Thursday, March 7, 2013

Crazy Cat Lady - Life with mulitple pets

Life as a companion to multiple pets can be rewarding. It can also be challenging, expensive and exhausting, especially as they age.

In the beginning I had only one. A year later it was two. My first husband rescued two more at different times and we lived happily with four kitties for years. Then my husband died. At that point the cats became the focus of my home life. Not because I was pathetic, but because they were my family. They were a connection to the man I had lost. They were my reason to get out of bed in the morning. And they carried me through the years of grief until I met my wonderful second husband. In fact, the day he and I set the date to get married, the last of the original four died - the first one we'd gotten, the Siamese that was my fur soul mate. Coincidence? I think not. I think he knew I was settled once again after being widowed and he could finally rest.

At any rate, my new hubby is also an animal lover and together we have a Yours, Mine and Ours situation. What should I have done? Made him get rid of some of his pets? Why would I do that? First of all, I'm an animal lover, so that was never an option. Second, I wasn't about to get rid of any of mine so why should he? Finally, one of the things about him that I found the most attractive was that he was also an animal lover.

Now, I love each and every one of them, but they are all aging now and their care has become more of a burden than I ever imagined - an epileptic dog, a senile 20-year old cat that cries pitifully at walls all day and night, another with chronic colon issues, a cat that gets respiratory infections every three months, a cat that required a $4000 surgery after a urinary tract blockage and is now on a special diet, another cat with terrible gum disease that we are having difficulty managing ... the list goes on.

The reason I am pointing these things out is that there are several situations that I (and probably many, many other multiple pet companions) would like to address:

  • Yes, they are my family. Telling me to simply get rid of them when the going gets tough is not an option. Don't suggest it. It makes my want to stick a fork in your eye.
  • No, I don't want to adopt the stray you found. Please understand that I am doing all that I can for the pets I have. It would not be responsible for me to take on another and you trying to guilt me into taking care of your situation is unfair. What about you? You don't have any pets. I'm doing my part, can you say the same?
  • Don't invite me to your home and then offer me your cat because you just had a baby and you don't want the kitty anymore. You would be surprised how many times this happens and it really pisses me off. Am I supposed to think that you are a great parent when you do that? Quite the contrary, if you can't keep a fifteen-year commitment to a cat, what are you going to do when your kid gets in trouble ... or gets sick or the going gets tough? Parenting is about responsibility, not abandonment. (Note that I am NOT talking about when a child has allergies, just when the parents don't want to be bothered anymore.)
  • Similarly, that puppy you got when you first got married has grown into a dog (not sure why this surprised you).

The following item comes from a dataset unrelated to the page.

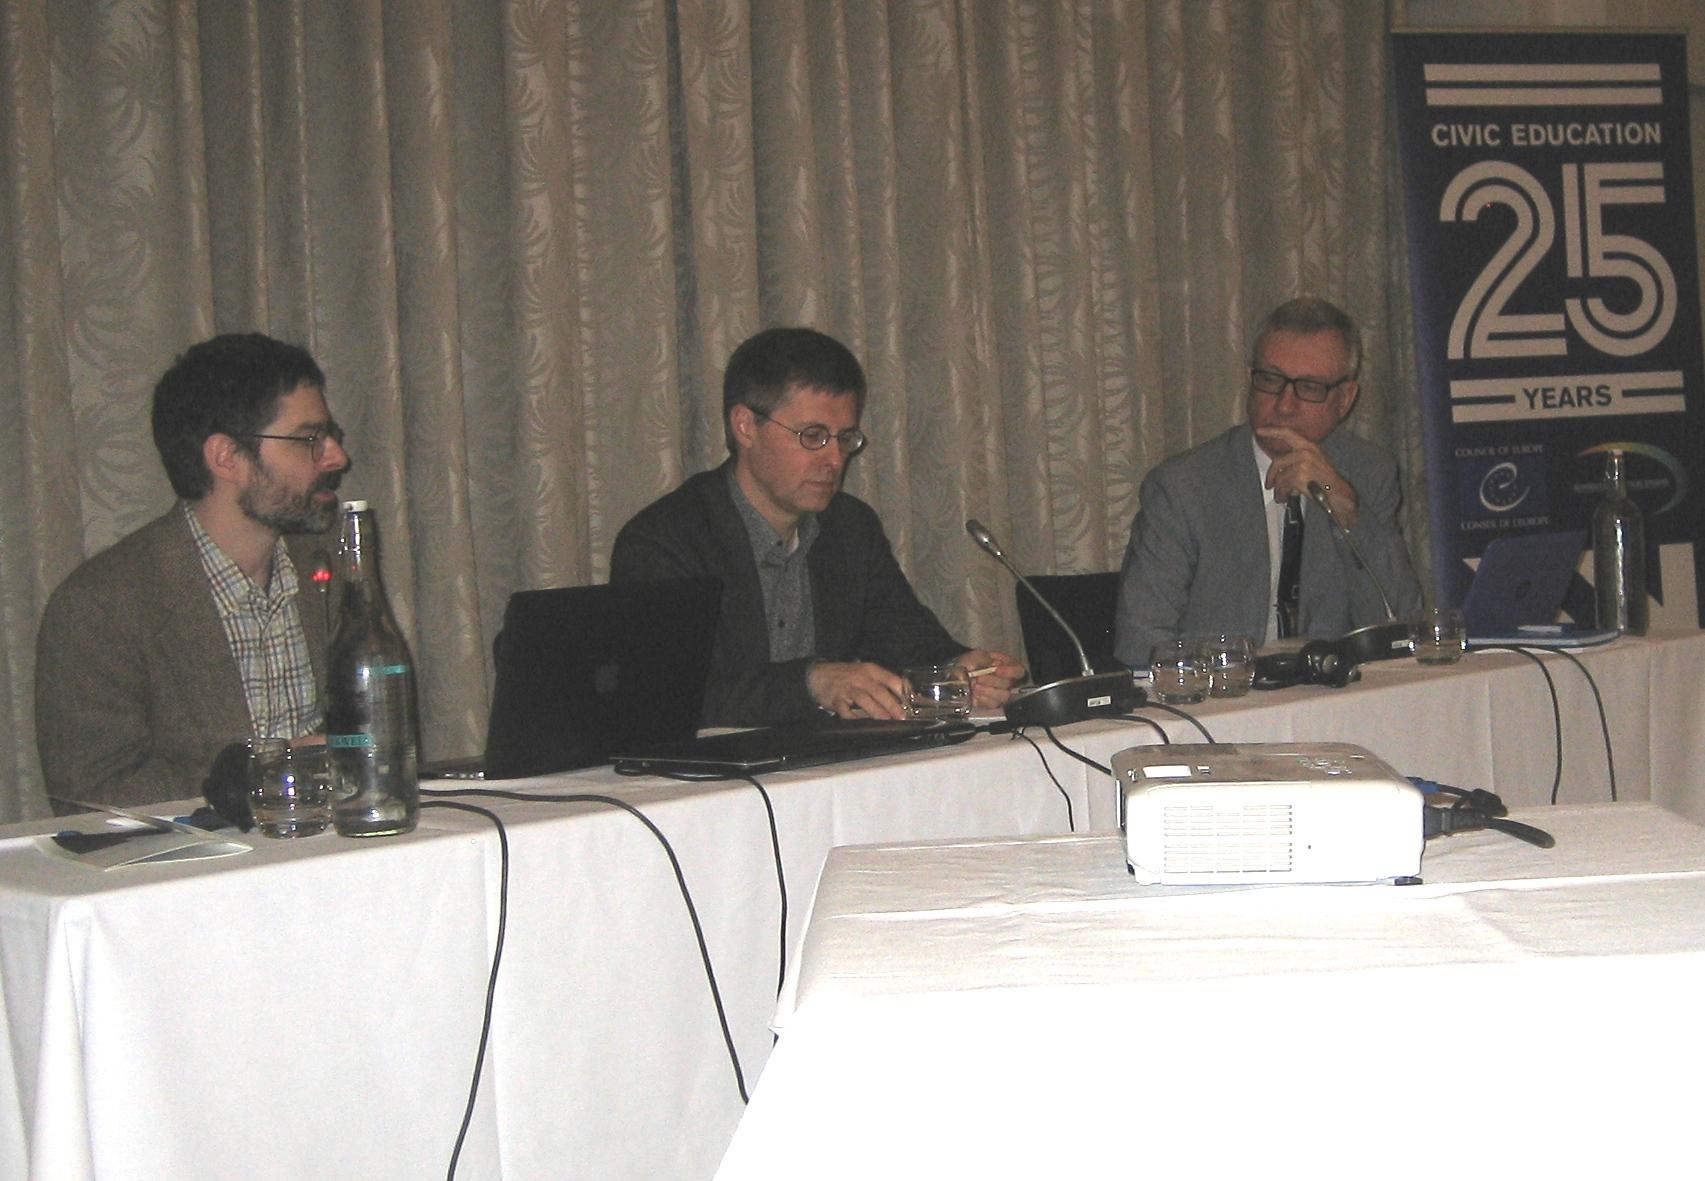 Epplee Niklolay and Gorin Dmitry and Zakharov Andrey

I really don't want to hear about how you don't want him anymore because he's too much work. That is the same dog that would gladly lay his life down for you, your spouse and your children. In fact, I don't think you're worthy of him ... but he's a dog and he does. In fact, you are his life. If you spent as much time trying to earn that honor as you do complaining about him, you'd see how much he enriches your life.
  • Don't give me a hard time when I say I need to leave an event to feed my pets/let the dogs out (Yeah, it was me)/give the dog her epilepsy medicine/etc. As I've said, they are my family. Not only is it heartbreaking to see my dog having a seizure, it's potentially dangerous. Last year, she had a cluster episode that she couldn't come out of and required a two-day stay in the ICU. I will not remember your party fondly if I return home to find my furbaby dead.
  • I am of the firm opinion that the cats are the cause of crazy cat lady syndrome, not the result. You love them so you get a lot (cat lady), realizing too late that they are destroying your sanity (crazy cat lady)! Even though having this many animals is driving me batty, I still love them and will honor the commitment I made to them when I agreed to love them and care for them just as I did for my first husband when he was ill. I will never have this many again, but I will not turn my back on those I have. Otherwise, I wouldn't be able to live with myself in the future.